[Provided material]

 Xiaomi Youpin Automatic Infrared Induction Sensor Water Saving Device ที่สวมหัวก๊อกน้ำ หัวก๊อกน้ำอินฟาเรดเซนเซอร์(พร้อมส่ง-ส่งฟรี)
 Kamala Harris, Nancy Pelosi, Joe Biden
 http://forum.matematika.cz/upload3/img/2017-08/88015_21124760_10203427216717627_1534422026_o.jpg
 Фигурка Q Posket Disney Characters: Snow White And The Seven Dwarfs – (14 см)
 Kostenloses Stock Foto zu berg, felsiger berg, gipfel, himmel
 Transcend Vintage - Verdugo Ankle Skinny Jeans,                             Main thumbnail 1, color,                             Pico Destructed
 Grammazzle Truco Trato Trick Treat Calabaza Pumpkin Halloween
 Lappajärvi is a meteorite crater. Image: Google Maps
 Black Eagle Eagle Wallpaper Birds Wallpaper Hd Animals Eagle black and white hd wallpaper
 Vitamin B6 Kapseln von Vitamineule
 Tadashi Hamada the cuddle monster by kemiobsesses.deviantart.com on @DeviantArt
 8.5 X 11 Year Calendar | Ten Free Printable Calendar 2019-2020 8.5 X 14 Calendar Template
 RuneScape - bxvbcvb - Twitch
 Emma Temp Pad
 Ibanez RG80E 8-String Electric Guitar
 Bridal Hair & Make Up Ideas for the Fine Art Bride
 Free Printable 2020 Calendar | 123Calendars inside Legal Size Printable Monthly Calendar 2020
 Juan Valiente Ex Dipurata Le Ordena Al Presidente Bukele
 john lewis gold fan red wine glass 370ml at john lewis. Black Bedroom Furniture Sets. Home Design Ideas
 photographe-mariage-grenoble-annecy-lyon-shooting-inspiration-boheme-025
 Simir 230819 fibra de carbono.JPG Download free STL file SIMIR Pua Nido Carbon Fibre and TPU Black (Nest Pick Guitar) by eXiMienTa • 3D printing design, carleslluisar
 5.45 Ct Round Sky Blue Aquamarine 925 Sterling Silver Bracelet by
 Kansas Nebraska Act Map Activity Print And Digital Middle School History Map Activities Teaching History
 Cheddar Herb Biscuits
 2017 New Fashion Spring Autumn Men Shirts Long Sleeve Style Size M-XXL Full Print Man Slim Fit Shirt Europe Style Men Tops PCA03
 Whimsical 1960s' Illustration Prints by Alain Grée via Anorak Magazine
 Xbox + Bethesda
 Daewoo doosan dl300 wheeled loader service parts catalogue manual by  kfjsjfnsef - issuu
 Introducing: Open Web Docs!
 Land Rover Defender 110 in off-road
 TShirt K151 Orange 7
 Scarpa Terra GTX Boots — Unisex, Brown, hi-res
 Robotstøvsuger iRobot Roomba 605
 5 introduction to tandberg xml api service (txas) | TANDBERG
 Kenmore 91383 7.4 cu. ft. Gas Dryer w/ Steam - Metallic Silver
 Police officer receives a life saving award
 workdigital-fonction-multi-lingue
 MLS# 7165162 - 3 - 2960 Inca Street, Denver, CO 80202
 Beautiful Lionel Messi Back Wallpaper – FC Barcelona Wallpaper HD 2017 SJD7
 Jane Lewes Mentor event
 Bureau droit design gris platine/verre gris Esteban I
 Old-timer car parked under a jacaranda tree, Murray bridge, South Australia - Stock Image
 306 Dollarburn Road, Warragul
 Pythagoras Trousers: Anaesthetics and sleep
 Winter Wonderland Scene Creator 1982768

[/Provided material]

Your task: Out of the data above, transcribe exactly and only the lines starting with the line that has "5.45 Ct Round" and going on through the line that has "Jane Lewes Mentor event", both included.

Your solution:
 5.45 Ct Round Sky Blue Aquamarine 925 Sterling Silver Bracelet by
 Kansas Nebraska Act Map Activity Print And Digital Middle School History Map Activities Teaching History
 Cheddar Herb Biscuits
 2017 New Fashion Spring Autumn Men Shirts Long Sleeve Style Size M-XXL Full Print Man Slim Fit Shirt Europe Style Men Tops PCA03
 Whimsical 1960s' Illustration Prints by Alain Grée via Anorak Magazine
 Xbox + Bethesda
 Daewoo doosan dl300 wheeled loader service parts catalogue manual by  kfjsjfnsef - issuu
 Introducing: Open Web Docs!
 Land Rover Defender 110 in off-road
 TShirt K151 Orange 7
 Scarpa Terra GTX Boots — Unisex, Brown, hi-res
 Robotstøvsuger iRobot Roomba 605
 5 introduction to tandberg xml api service (txas) | TANDBERG
 Kenmore 91383 7.4 cu. ft. Gas Dryer w/ Steam - Metallic Silver
 Police officer receives a life saving award
 workdigital-fonction-multi-lingue
 MLS# 7165162 - 3 - 2960 Inca Street, Denver, CO 80202
 Beautiful Lionel Messi Back Wallpaper – FC Barcelona Wallpaper HD 2017 SJD7
 Jane Lewes Mentor event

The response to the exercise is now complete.